What Being a Patriot in Trying Times Means to Me

In my personal life, I have met abusers. I have simply decided not to allow them in my life anymore. I don’t hate them. I just don’t let them cause me any damage. (As much as possible.)

In my political life, it’s very similar.

Yesterday, a large group of scholars warned of the collapse of democracy. They called upon ordinary people to do what they can–even peacefully protest–to protect democracy. In such times, patriotism requires us to do extraordinary things.

We need patriotism when fascism is rising. We need to set good examples of what our country is about. I am far from perfect on this, but I decided a while back to not hate my political opponents.

Don’t get me wrong: Fascism is evil.

However, if I hate fascists, I allow hate to consume me, and don’t present a good example for my grandchildren and generations to come.

It’s just like with abusers in my personal life: I try to minimize their presence in my life and continue to live the best life I can while protecting and loving those I care about.

Now more than ever, we need a good example of what America is and can be. It’s an America where people feel comfortable speaking Spanish in public, where Black lives matter, where we honestly discuss things.

That doesn’t mean we have to sit down and have a beer with far right conspiracy theorists. If you want to do that, feel free. But I probably won’t be. I have too many other people in my life who need my love and support–many of them marginalized and very much at risk. Patriotism, to me, is supporting those most vulnerable. It’s about triaging who needs you the most right now and, for me, it’s the ones I love.

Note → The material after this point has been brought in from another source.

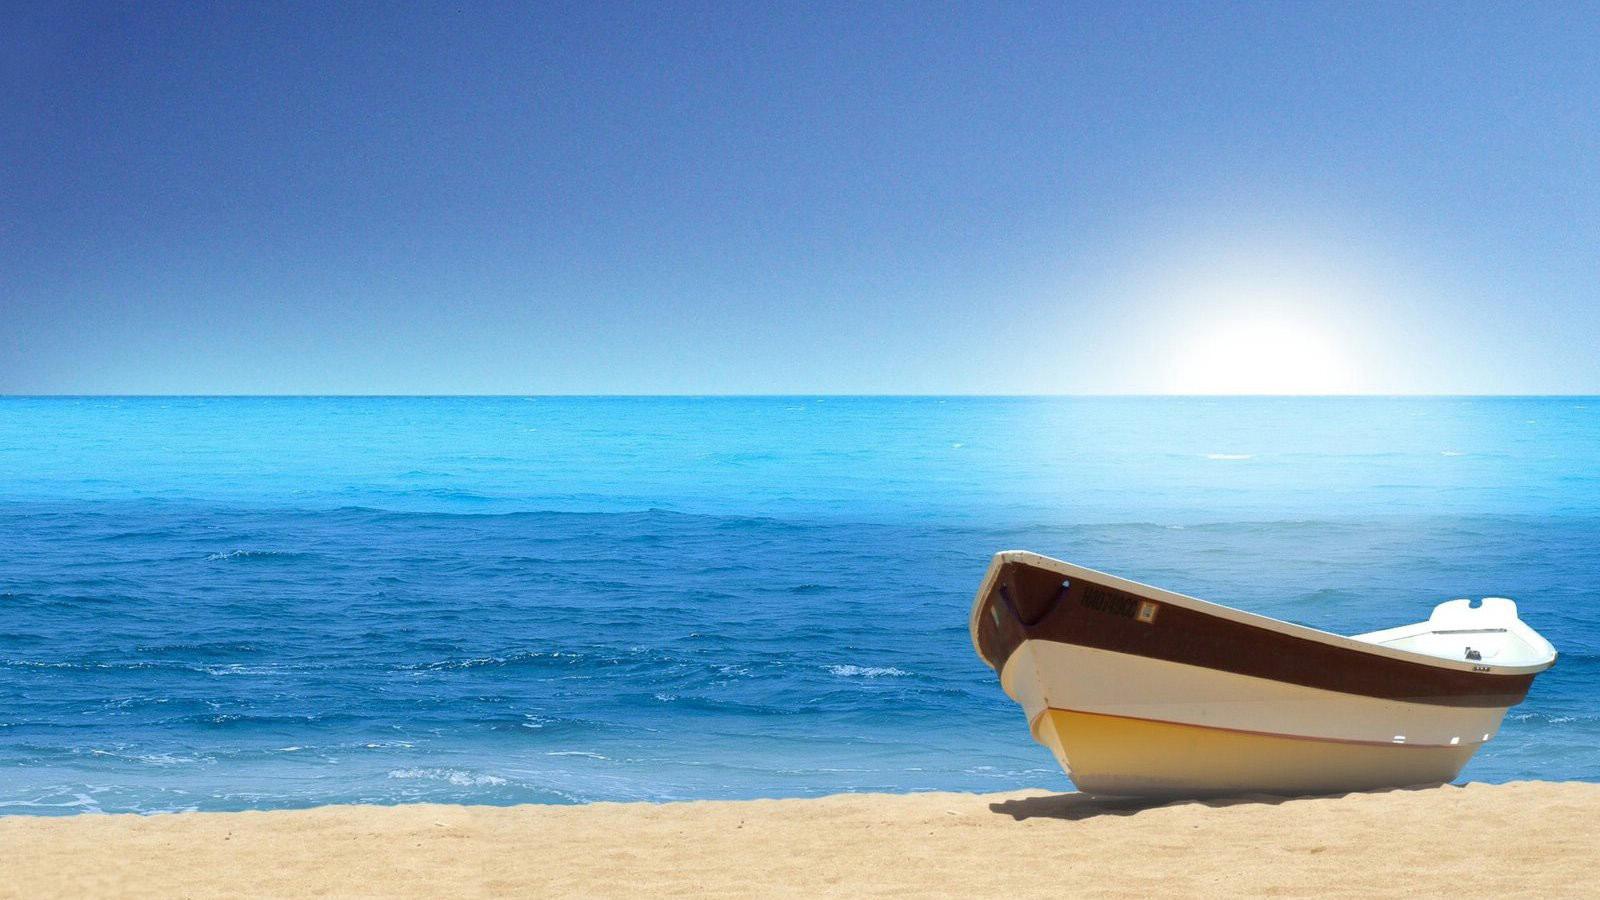 Boat For Sail  1280x800 Pixel   Images 6662   Photoinpixel  HD HD Wallpaper

There is no excuse right now to vote for Trump. One cannot say that one agrees with his proposed policies because he hasn’t any. If you decide to vote for him anyway, I don’t hate you. But, to be clear, I don’t fear you, either. I know that the arch of justice is long. I am in it for the long game.

You may not think it’s fair to have to rise above the tactics of the opposition. Why, after all, do those wronged always have to take the moral high ground? I’m here to tell you that you can matter-of-factly and vehemently disagree, but you do not have to let hate consume you. You will, in fact, probably be better off and able to help those who need it if you aren’t filled with hate. That doesn’t mean you have to placate fascists and tyrants.

Peaceful protests are always better. Doing violence only hurts your cause. Speak up for the oppressed and be a good role model for what America can be.